4. Shop for your car
Once you have preapproval — or are at least prequalified with a few lenders — it is time to shop for your car. Alongside reviewing negotiation strategies and checking vehicle information on sites like Kelley Blue Book and Edmunds, you will need to verify that the car you want meets your lender’s standards.
Lenders may set restrictions on where you can buy your car. Some larger banks may only fund loans for cars from dealerships in its network. More commonly, lenders will have rules for used vehicles. Older cars, or cars with high mileage, may not qualify for financing.
A lender may also limit you to buying from dealerships, not private sellers. And if you are able to buy from a private seller, you may face higher rates and more paperwork to complete the purchase.
5. Compare dealership offers
After you have preapproval from a lender and have found the car you want to buy, check what the dealership can offer. Dealerships work with a network of lenders to finance your vehicle. And while dealership financing tends to have higher interest rates, your finance officer may be able to beat the terms your preapproval offer.
If they can, you could potentially score a loan with an even lower rate. If not, you already have a loan that meets your needs — and can skip dealer financing entirely.
6. Finalize your auto loan
Once you’ve found the right auto loan, confirm the terms with your lender. You will need to send in any required paperwork, including proof of insurance, before you sign.
- Sign the loan contract. If you agree to the terms, review and sign the loan contract. If you have a co-borrower or co-signer, they will also need to sign the contract. If you have an auto loan from a dealership, the dealer will provide the lender’s contact information on the contract.

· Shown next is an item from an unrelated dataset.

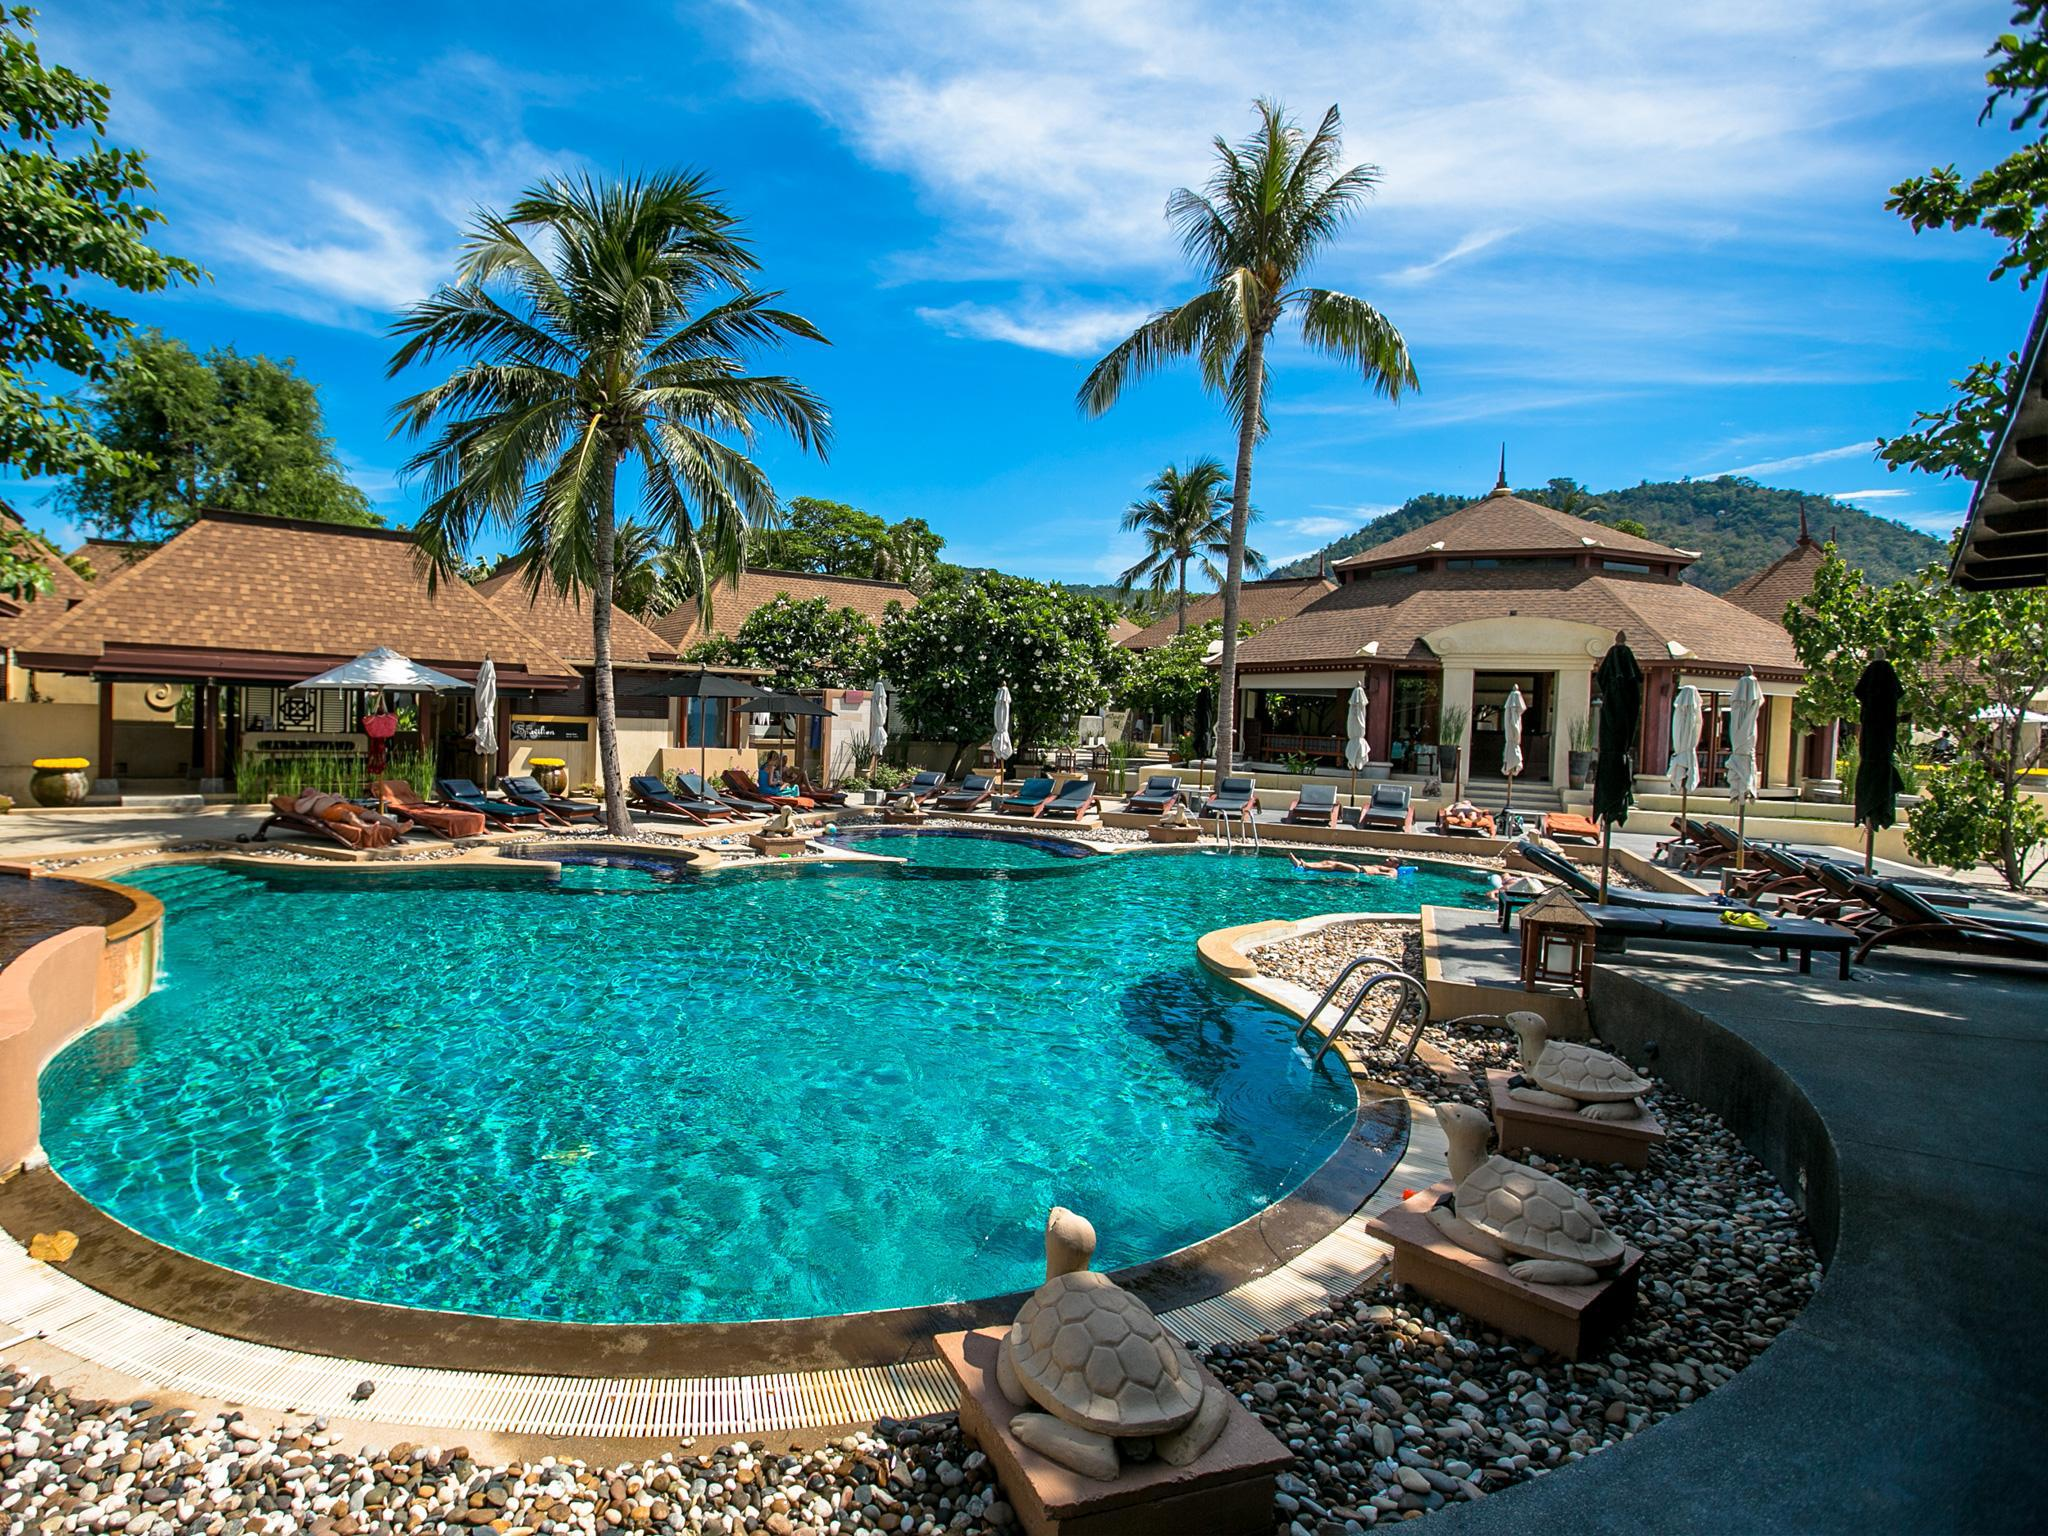 Pavilion Samui Villas & Resort พาวิเลียน สมุย วิลล่าแอนด์รีสอร์ต

- Get the vehicle title and registration. You must have your vehicle title sent to the lender and the vehicle’s registration updated to your name. The dealership will usually take care of this. If not — or if you’re buying from a private seller — work with the seller and DMV to update the necessary documents.
- Take possession of the vehicle. After you finalize your auto loan and complete the sale, you can take possession of the vehicle. While your lender will be the lienholder, you will be the official owner in charge of maintenance costs and general upkeep.
7. Start making payments
Once your loan is approved and your vehicle is purchased, you will begin making payments. Your loan agreement should have an amortization schedule that breaks down your monthly payments by interest and principal.
If your lender offers it, consider opting for automatic payments. This makes it easier to manage your loan. And in some cases, lenders may offer an autopay discount of 0.25 percent to 0.5 percent. While it may not seem significant, even a small reduction to your APR can lower the interest you pay by hundreds of dollars over the life of your auto loan.
Getting a car loan with bad credit
Having bad credit doesn’t mean you won’t qualify for an auto loan. In fact, some lenders specialize in auto loans for bad credit. But you may face more restrictions.
You will still need to check your credit and determine your budget. But prequalifying with lenders is even more critical. Exploring potential rates and the fees lenders charge will help you pick the best loan. It will also give you more negotiating power at the dealership, which may mean you can haggle for a lower rate from one of the dealership’s partner lenders.
If you cannot qualify for a monthly payment in your budget and can hold off on buying a car, take time to improve your credit score before applying again. This will help you get a lower rate or more flexible terms on your next car.
The bottom line
Financing a car can be a complex process if you aren’t prepared. But by comparing top lenders and checking your rate before you shop, you can ensure you are receiving the most competitive deal.